Possiamo provare ad essere costruttivi, almeno in questo momento?

lettera aperta a Marco Tosatti.

Mi sono imbattuto in questo suo articolo che, mi scusi, mi ha lasciato di stucco per le cose strampalate che scrive con la presunzione di considerarle delle verità, ma sono solo opinioni nemmeno documentate. Sono molto simile a delle illazioni.
Capisco che questo sia il momento migliore, per chi vuole ritagliarsi uno spazio di visibilità. Fare affermazioni prive di ogni fondamento è, probabilmente, frutto di una scarsa conoscenza della Costituzione. Mi sembra che la ricerca del “balconazo” sia più sua che del Premier.
Non sono un difensore di Conte e nemmeno dell’attuale maggioranza politica che non mi rappresentano. Sono un semplice cittadino che vuole cercare di capire con il proprio intelletto e la propria ragione, alla moda degli illuministi, quello che mi succede attorno e che è stanco di tutti questi opinionisti che stravolgono anche la realtà.
Lei afferma che il Premier ha violato la Costituzione imponendo delle gravi limitazioni personali, mai viste dal dopoguerra. Dal dopoguerra non ci siamo mai trovati in situazioni simili e, comunque, l’art. 32 della Costituzione, prevede che la Repubblica debba garantire e tutelare la salute pubblica. In sostanza, quello che ha fatto il Premier Giuseppe Conti.
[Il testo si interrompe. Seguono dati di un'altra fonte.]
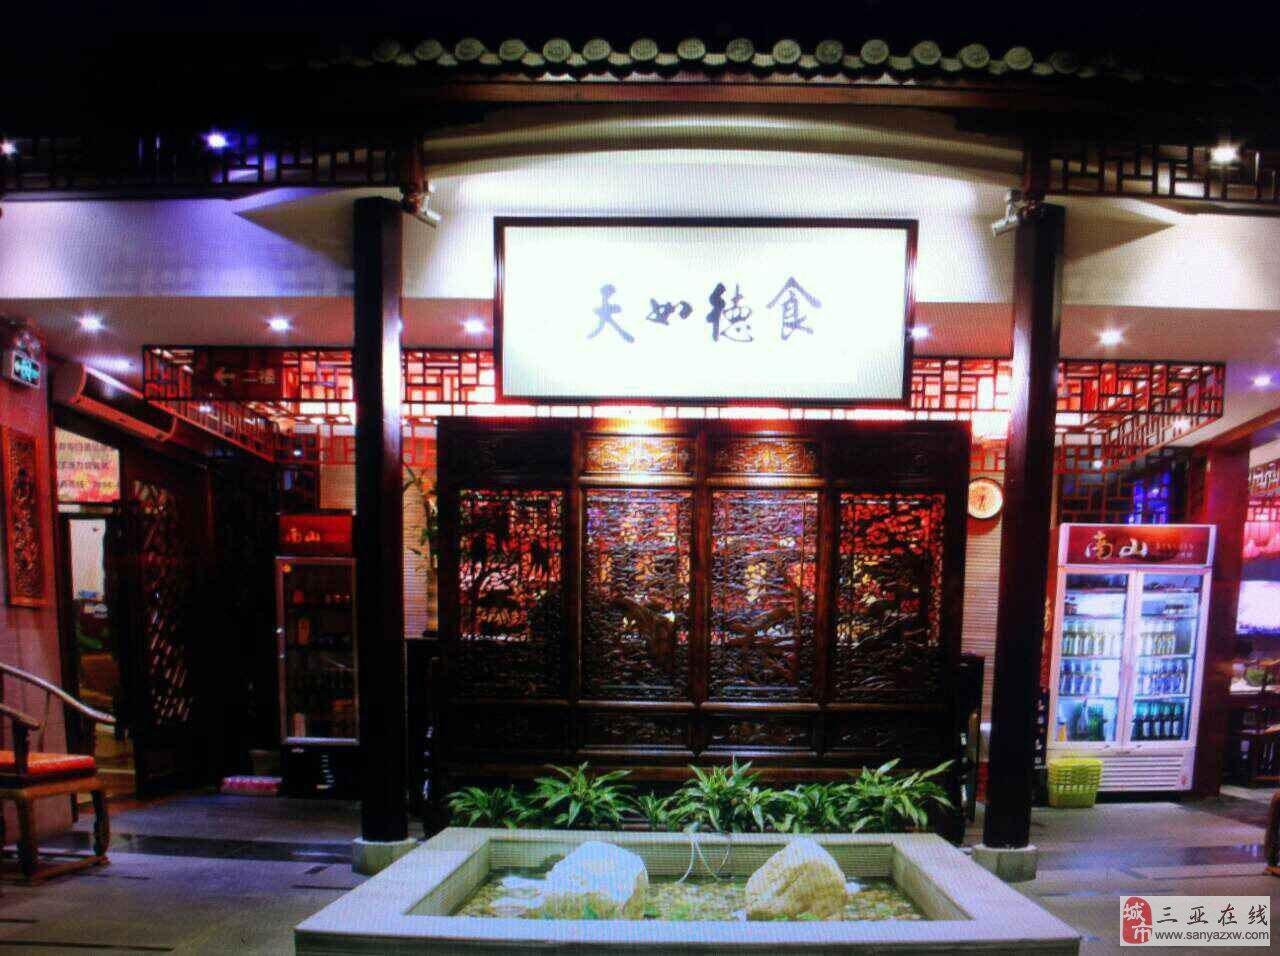 """【三亚在线美食试吃团】第二站――重庆南山火锅"""""""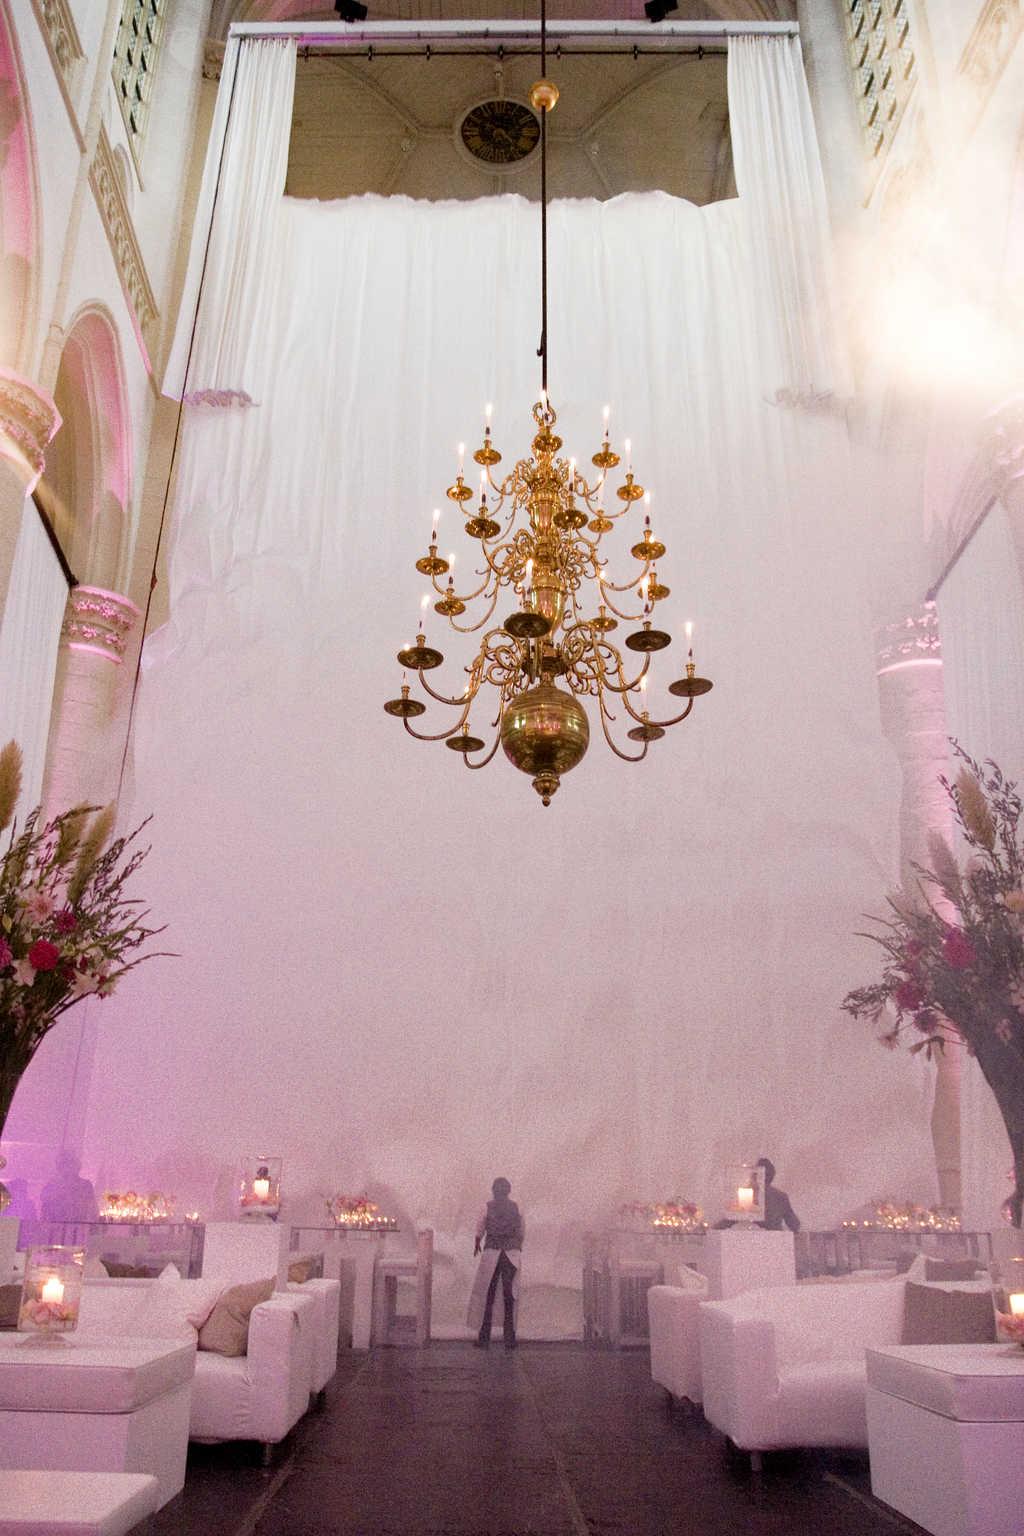 Overgang van ceremonie naar het walking diner, wedding en planning, Weddingplanner, fotocredits Sjouke Dijkstra

La “dichiarazione dei diritti dell’uomo e del cittadino” del 26 agosto 1789 (le dice qualcosa il 1789?) stabiliva che “La libertà consiste nel poter fare tutto ciò che non nuoce ad altri; . . .”. I provvedimenti adottati, pur gravi e rigorosi, hanno svolto esattamente questa funzione che è anche quella prevista dall’art. 13 della nostra Costituzione.
Lei imputa al Premier una “pericolosa deriva autoritaria” ma, forse, non sa che la Costituzione, art. 77, attribuisce, in casi straordinari di necessità e di urgenza, la possibilità di emanare decreti-legge con effetto immediato e, forse, non sa nemmeno che i provvedimenti del 22.03 non sono leggi ma “ordinanze” che rientrano nei poteri e nelle funzioni del Governo, nel caso specifico, del Ministero della Sanità, delle Regioni e degli Enti Locali per specifiche normative. Se avesse il buongusto di leggere l’ordinanza del 22.03, invece di criticarla senza, probabilmente, nemmeno averla guardata, potrebbe trovare, nella premessa, tutta la normativa che attribuisce questi poteri.
Se non fossero stati adottati i provvedimenti da Lei criticati, in tal caso, sarebbe stata violata la Costituzione.
Non tema, nessuno, almeno in questa fase, sta mettendo a repentaglio le nostre Istituzioni e, mi scusi, lasci stare il Presidente della Repubblica che, mi sembra, abbia ampiamente dimostrato di essere un esemplare difensore della Costituzione e dell’Unità del Paese.
Sono scritti come i suoi che possono provocare turbamento tra i cittadini e creare condizioni per “pericolose derive”. Forse doveva rendere un favore ad un amico?
Il suo scritto sembra una dichiarazione politica dell’opposizione che. mi scusi, è inopportuna e anche vergognosa in questo drammatico frangente. Sarebbe meglio cercare di unire piuttosto che dividere.